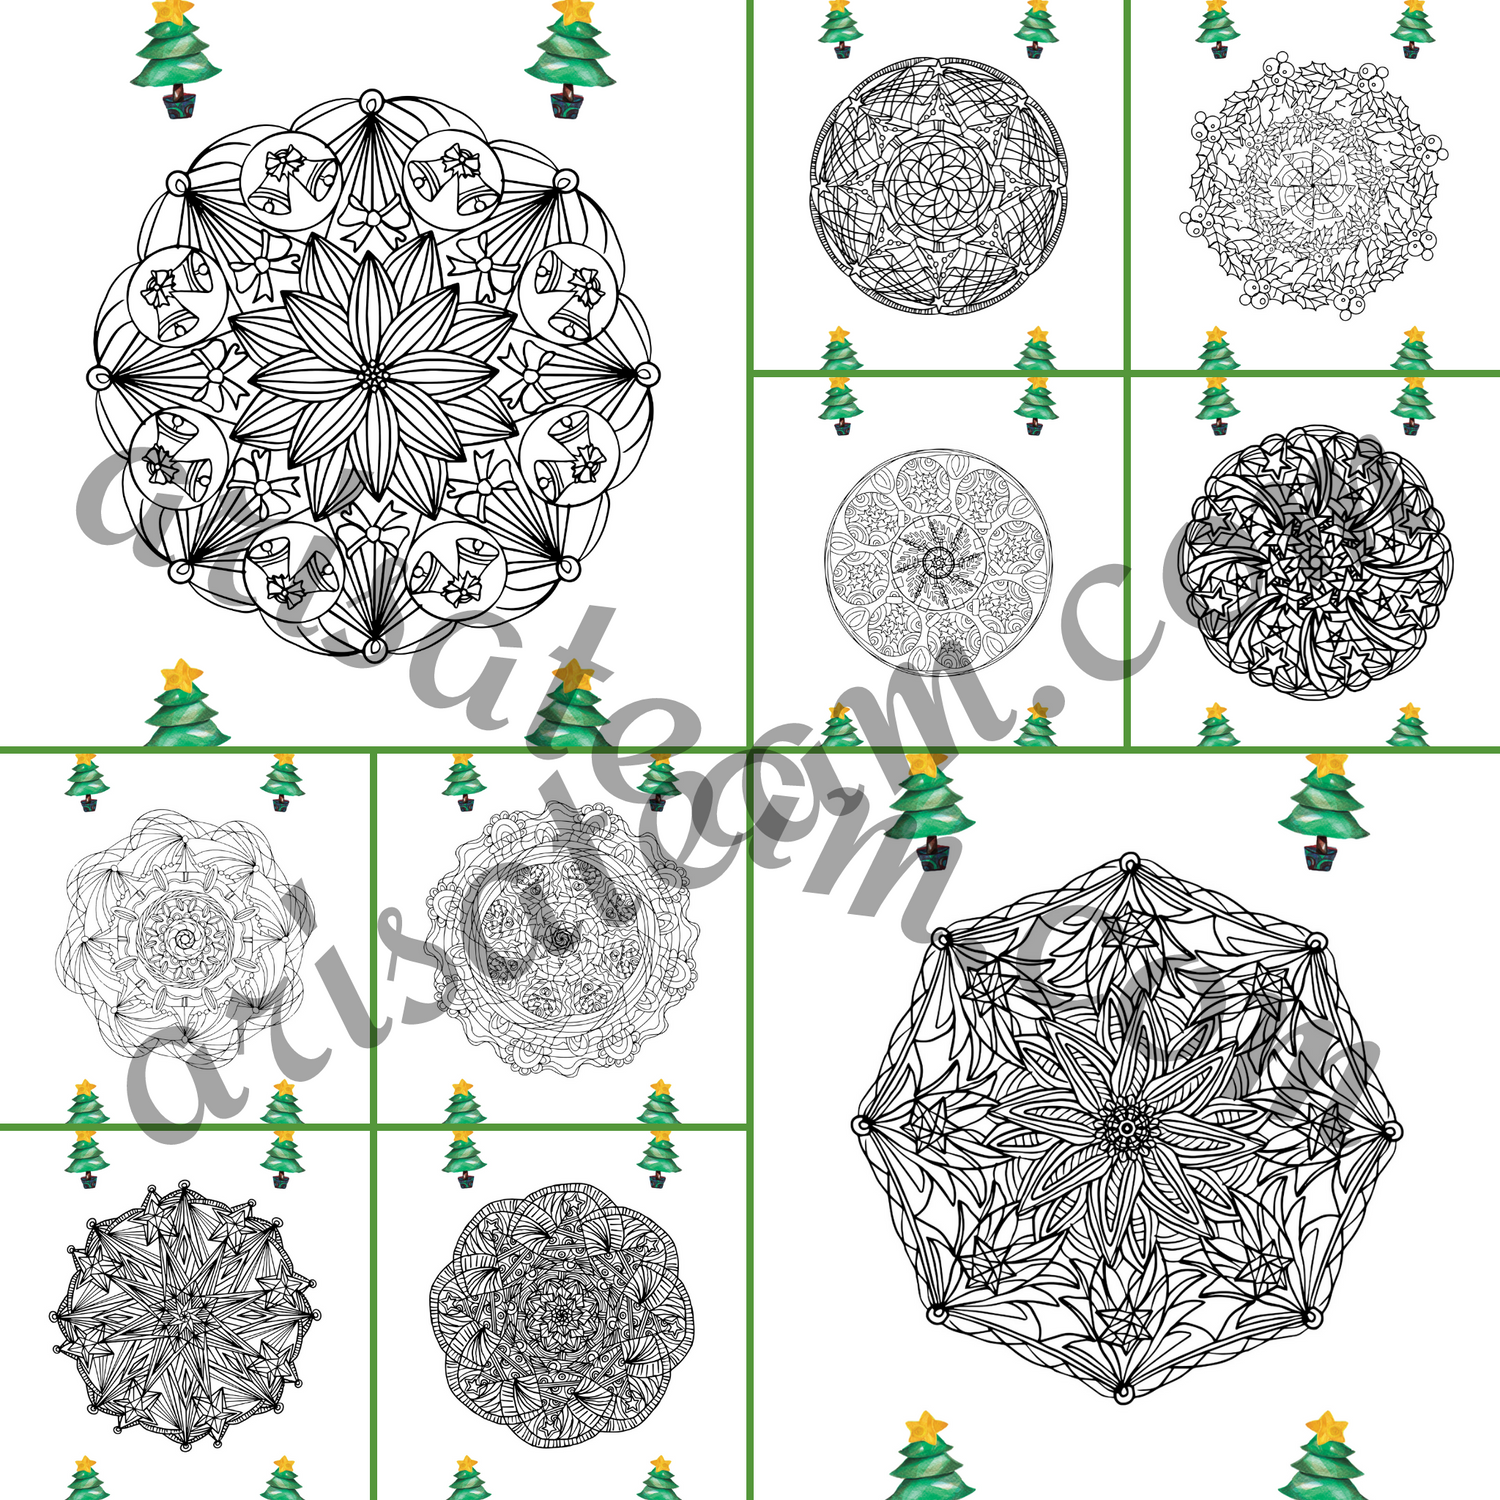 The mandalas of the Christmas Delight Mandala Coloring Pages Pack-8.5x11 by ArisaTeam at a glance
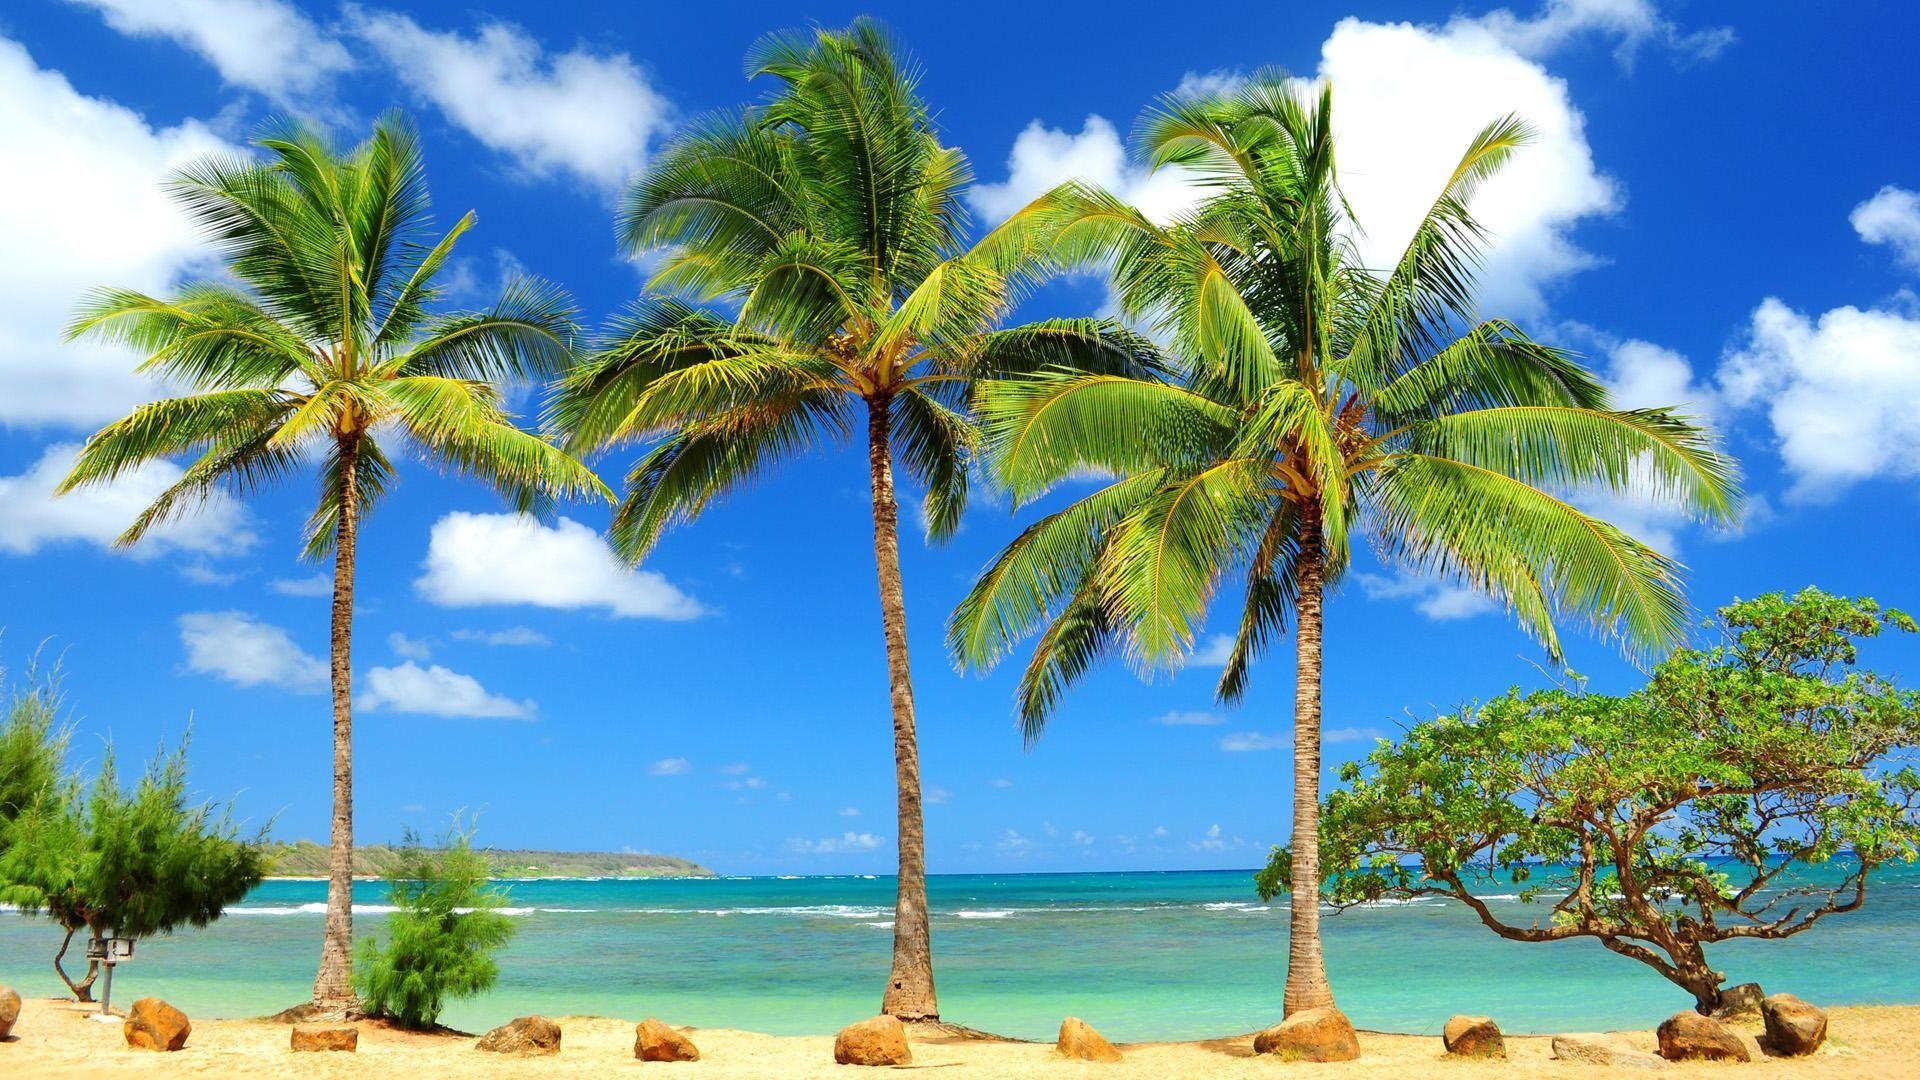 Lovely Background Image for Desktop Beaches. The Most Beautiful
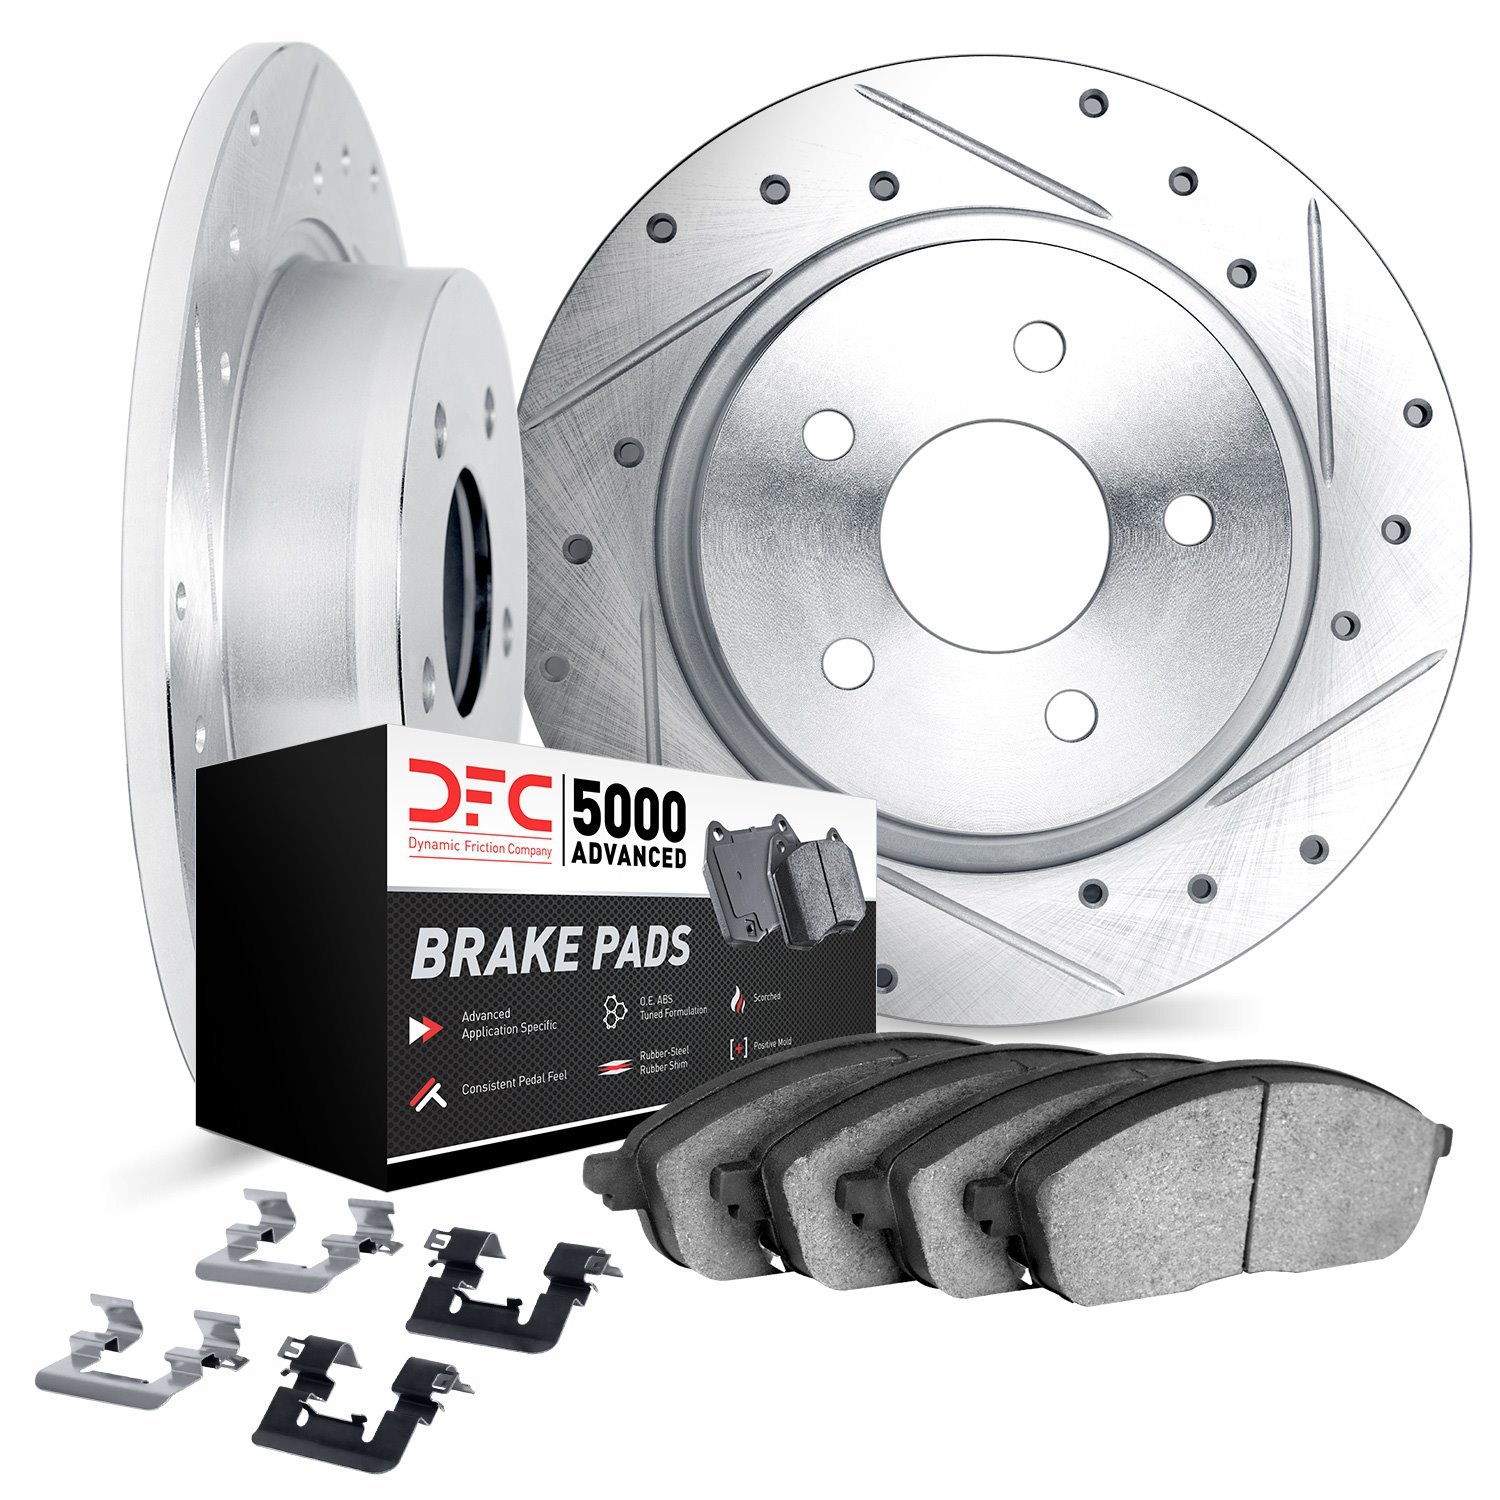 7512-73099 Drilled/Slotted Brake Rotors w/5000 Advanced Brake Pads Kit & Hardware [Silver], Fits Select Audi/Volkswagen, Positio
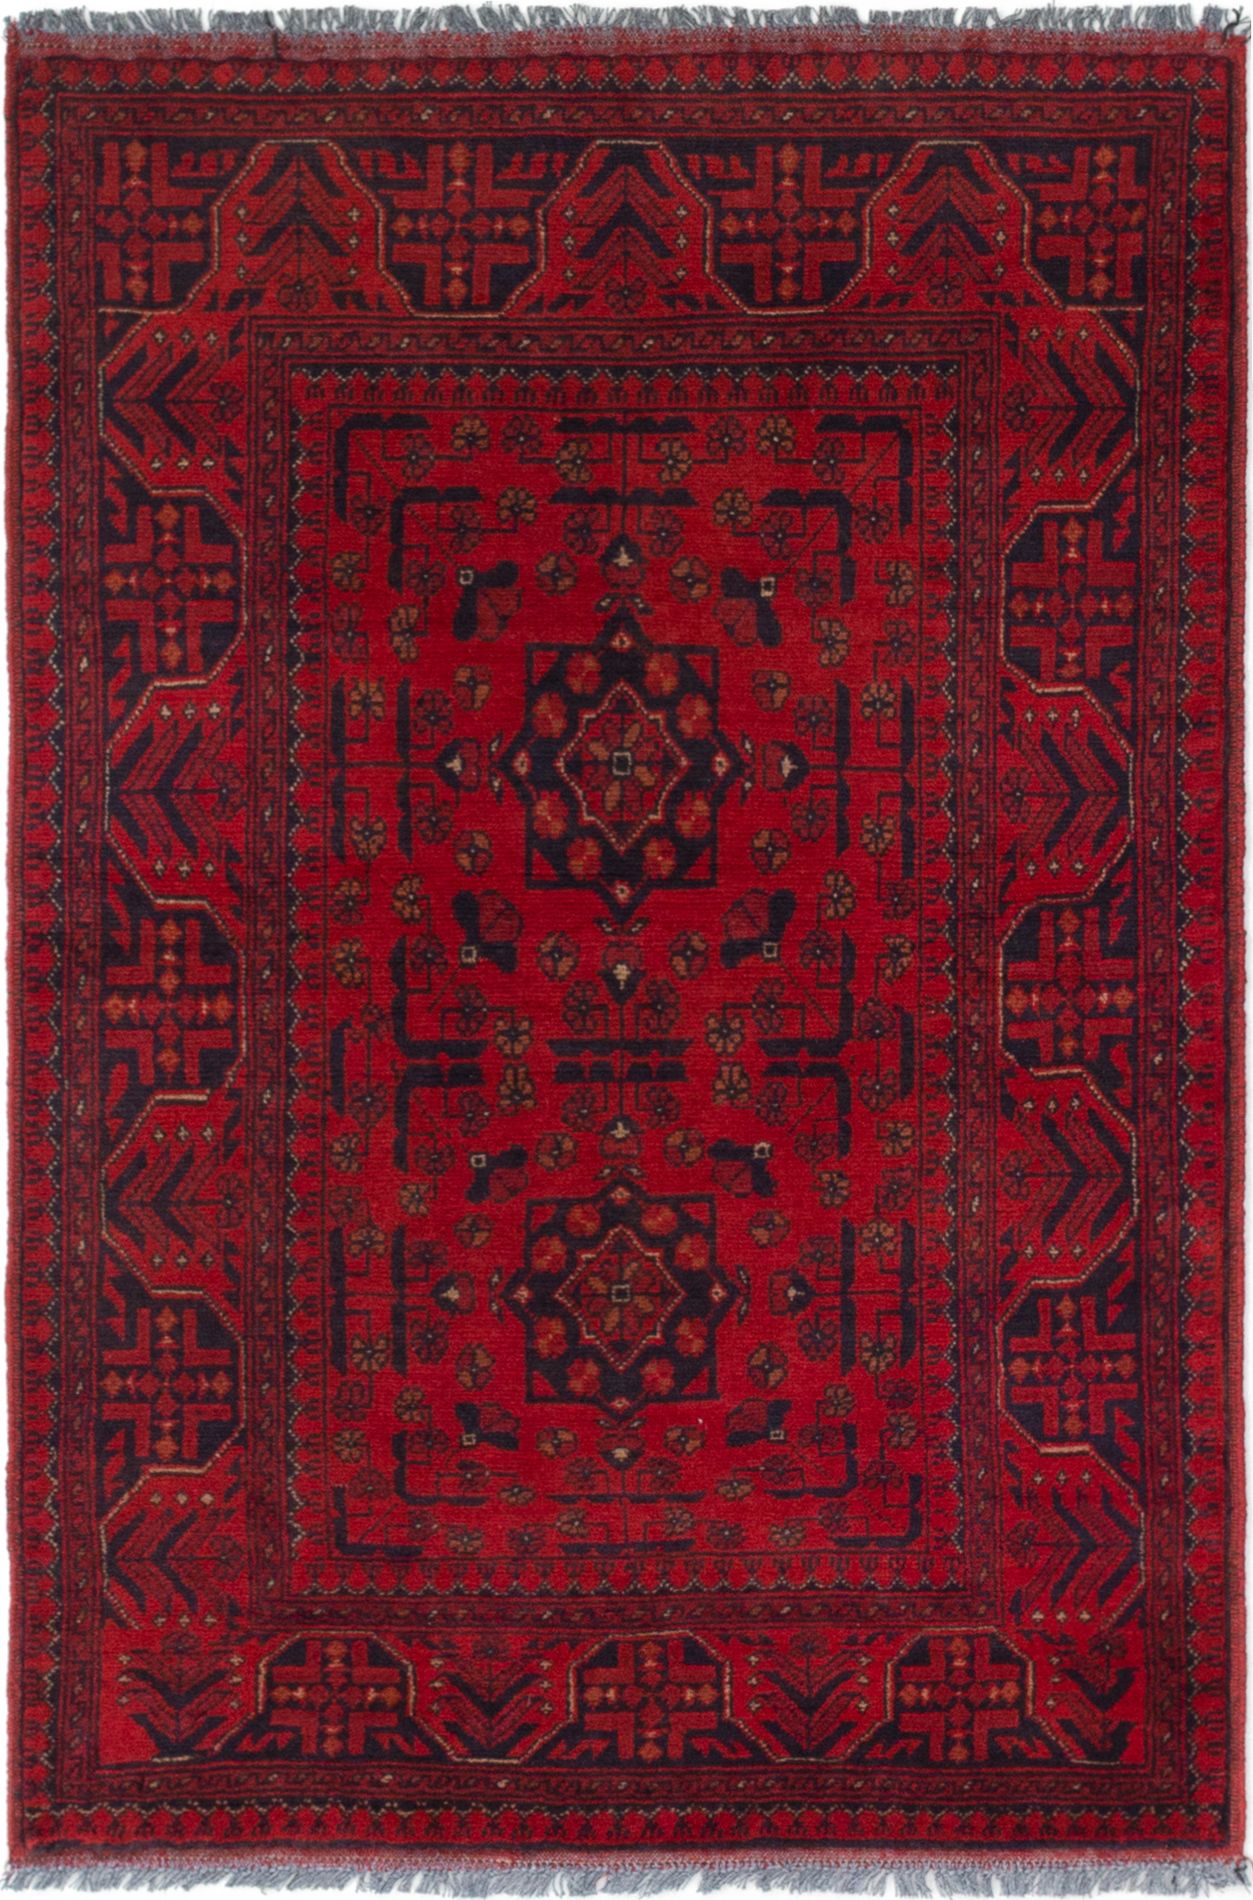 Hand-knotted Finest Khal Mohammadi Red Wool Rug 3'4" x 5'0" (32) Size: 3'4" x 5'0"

··········

> [To do]:
Only the lines from the line with "Lovely Background Image" through the final line of the material belong in the answer, copied exactly and without pictures.

> [Result of this exercise]:
 Lovely Background Image for Desktop Beaches. The Most Beautiful
 7512-73099 Drilled/Slotted Brake Rotors w/5000 Advanced Brake Pads Kit & Hardware [Silver], Fits Select Audi/Volkswagen, Positio
 Hand-knotted Finest Khal Mohammadi Red Wool Rug 3'4" x 5'0" (32) Size: 3'4" x 5'0"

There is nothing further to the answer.